GB2298110A - Apparatus for providing code tracking in a direct sequence spread spectrum receiver - Google Patents

Abstract

The apparatus comprises a frequency converter 4 for converting a received signal into inphase and quadrature signals. These signals are applied via analogue to digital converters 6, 8 to first 10-16, second 22-28 and third 36-42 correlators arranged to generate prompt, late and early signals respectively. Each correlator includes two multipliers and these are controlled by a code generator 56 via a circuit 58 for generating early, late and prompt signal codes. The output from the first correlator is passed to estimation means 18, 20 and signals generated from the estimation means are multiplied 30, 32, 44, 46 with the outputs from the first and second correlators in respect of each channel. The inphase and quadrature channel signals generated from the second and third correlators are added together 34, 48 and the sum signals are then subtracted 50 to generate a signal for controlling a loop filter 52 and a clock generation means 54 which controls the analogue to digital converters. In an alternative embodiment (Fig 3) the first correlator is not subjected to an estimation means, however the output signals from the inphase and quadrature channels are applied to a frequency phase discrimination means (76) which generates a control signal for controlling the frequency converter. In this way the coherent signal is all contained on one channel, for example, the inphase channel.
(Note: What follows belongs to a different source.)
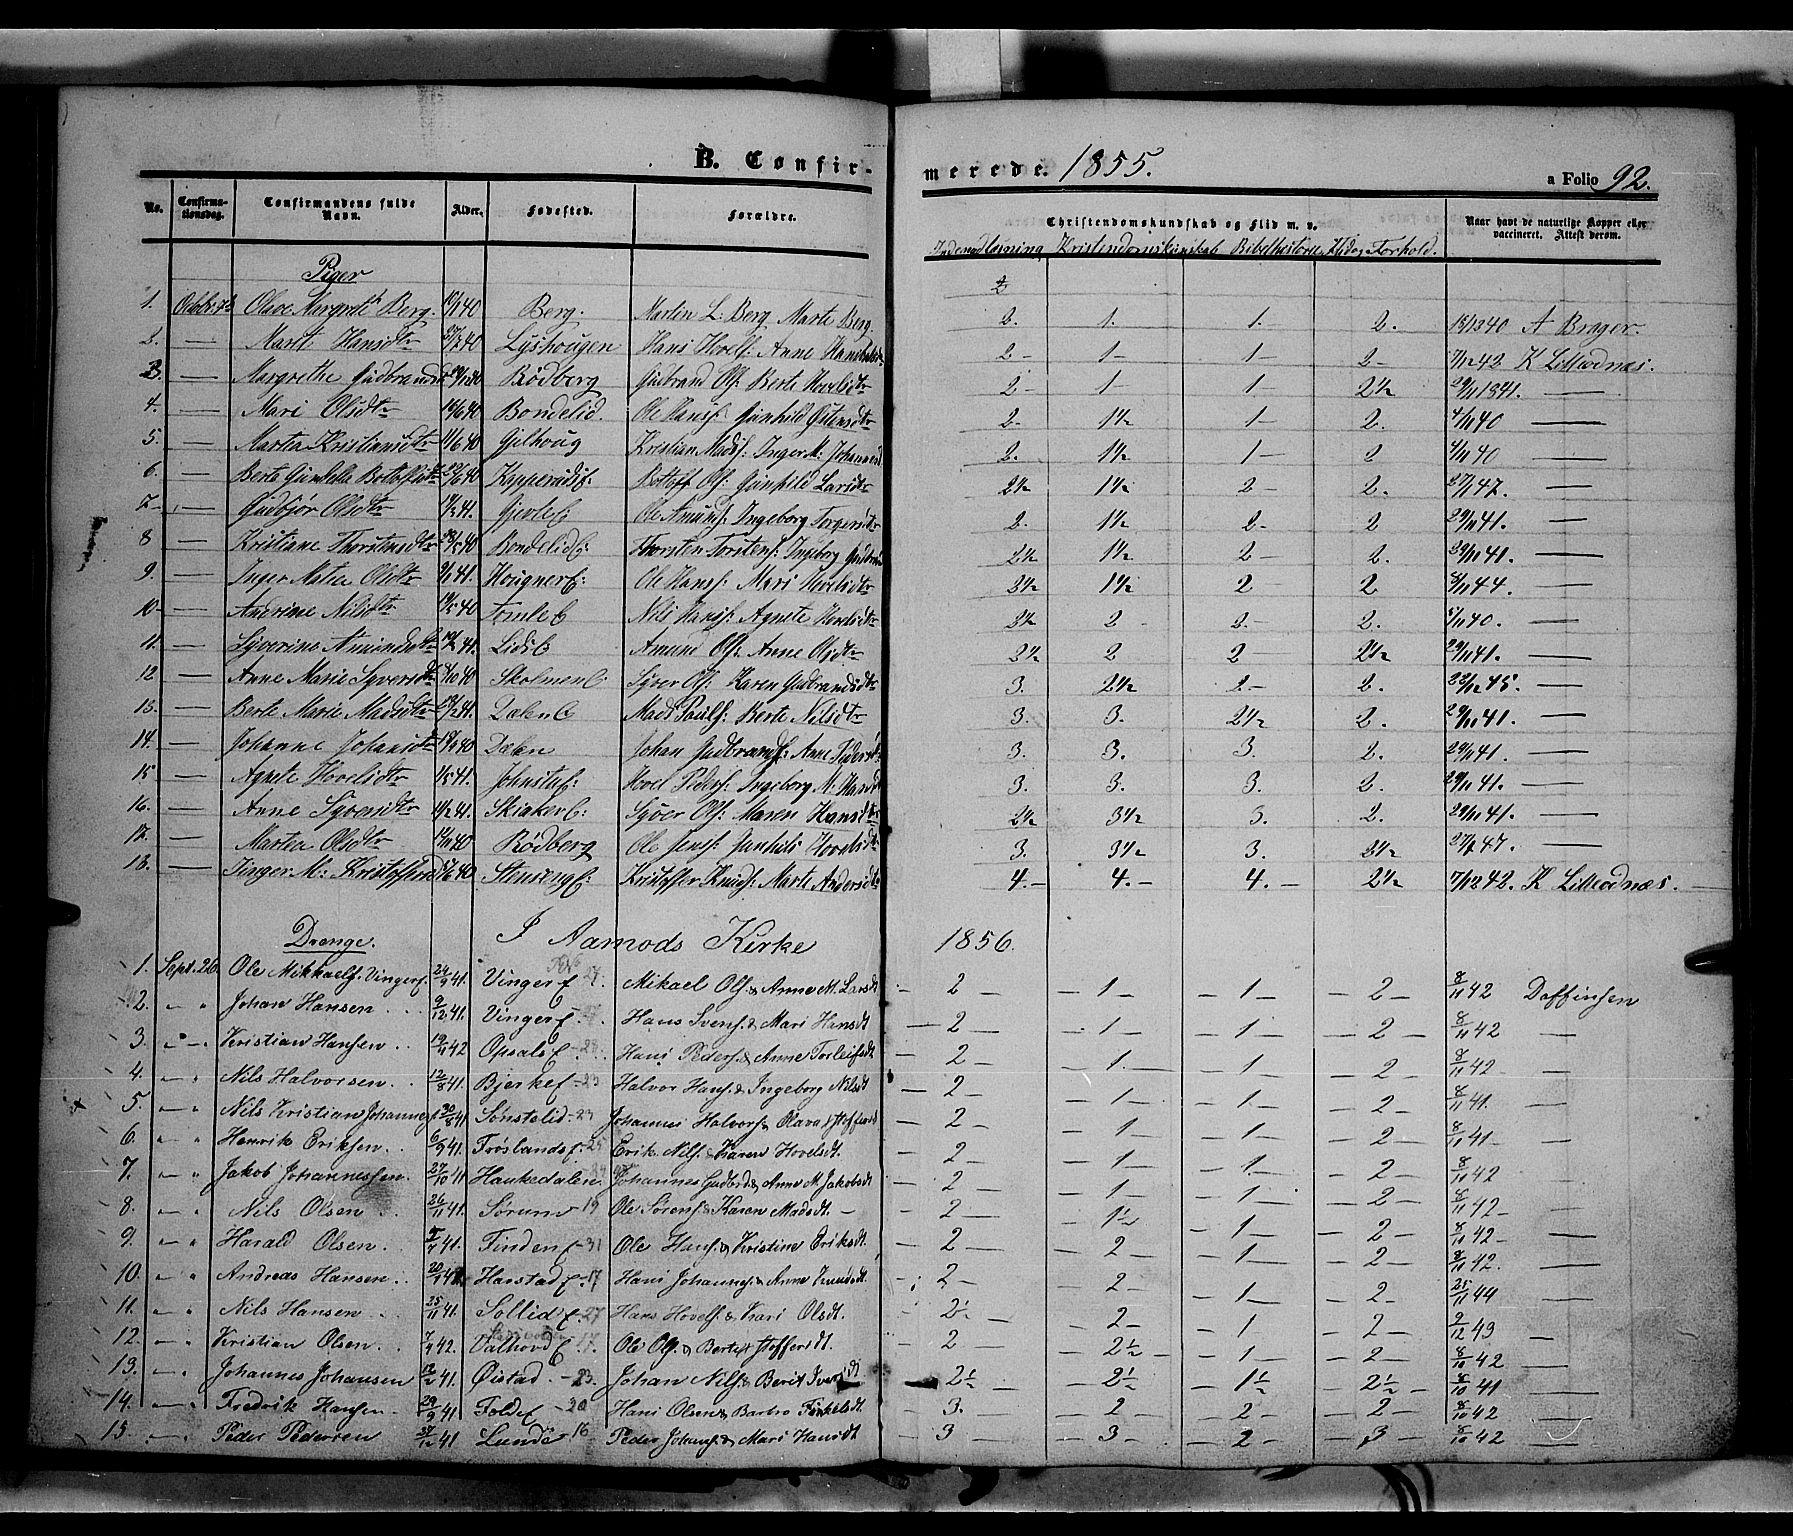 SAH, Land prestekontor, Ministerialbok nr. 10, 1847-1859, s. 92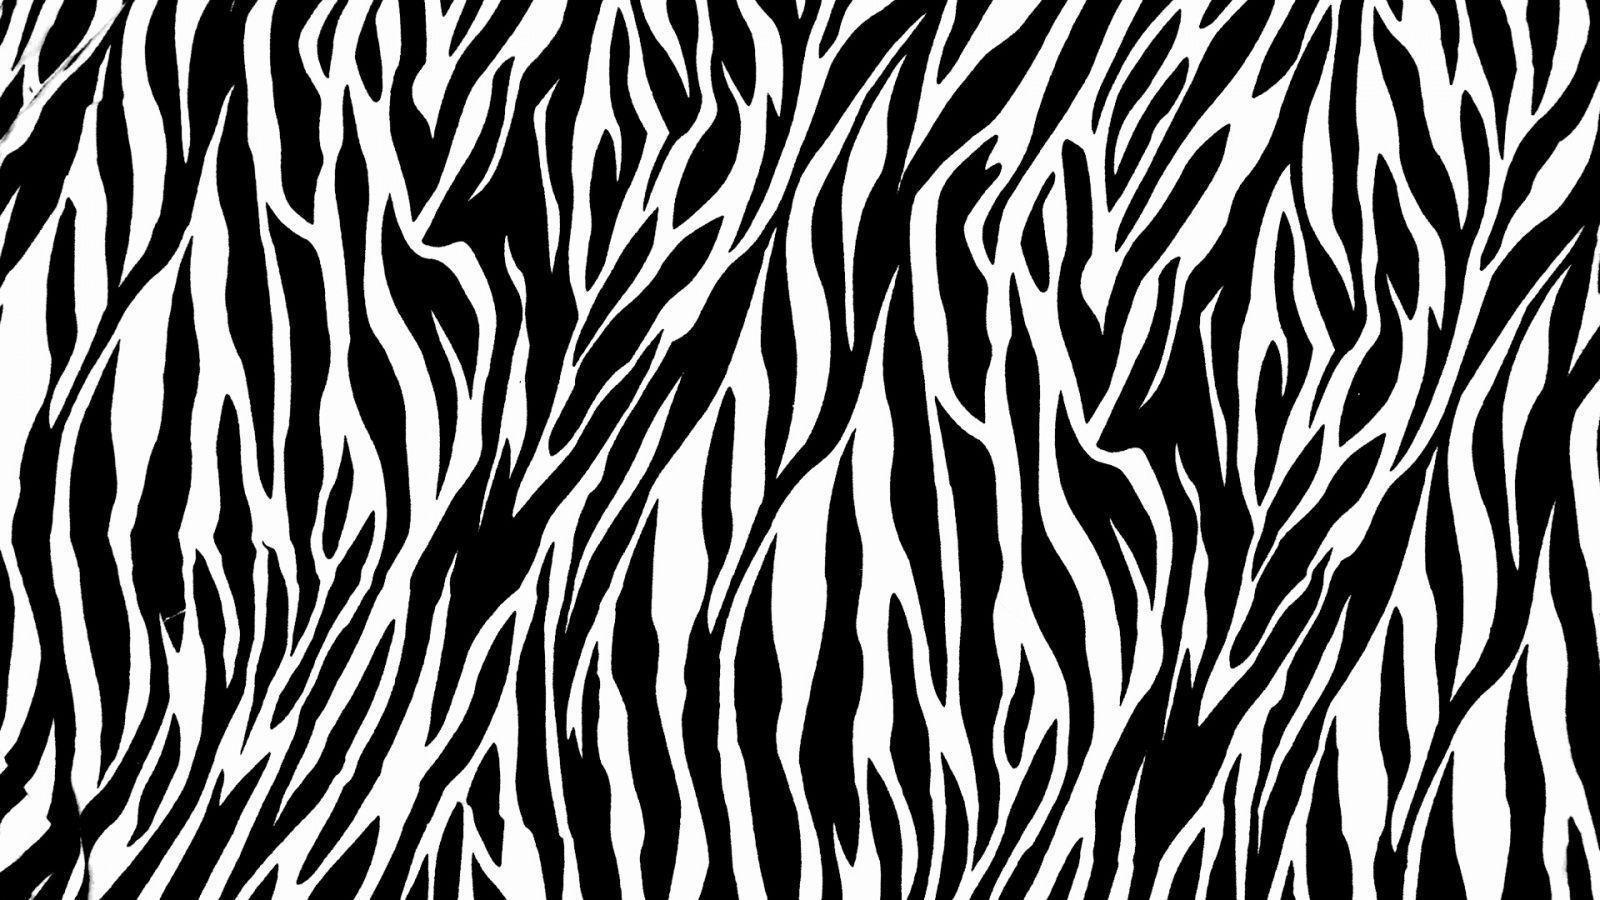 Animal Print Wallpaper Hd Animal Print Desktop Backgrounds Wallpaper Cave

The second and third correlators only comprise a single multiplier and accumulator and the output from these correlators are subtracted to generate a signal for controlling a loop filter and a clock generator which controls the analogue to digital converters.

Description

APPARATUS FOR PROVIDING CODE TRACKING IN A DIRECT SEQUENCE SPREAD SPECTRUM RECEIVER This relates to receivers for direct sequence spread spectrum and is concerned with code tracking part of the receiving apparatus.

The normal implementation of a code tracking device for spread spectrum consists of a so called early prompt late tracking loop and this involves energy detection of the correlated wave form for a correlation that is performed early, normally half a chip early, and a correlation of energy for a chip that is performed late, normally half a chip late. A timing discrimination curve is then generated by subtracting the early from the late and this is used to close a feedback loop to adjust the time, such that the prompt occurs at the correct time.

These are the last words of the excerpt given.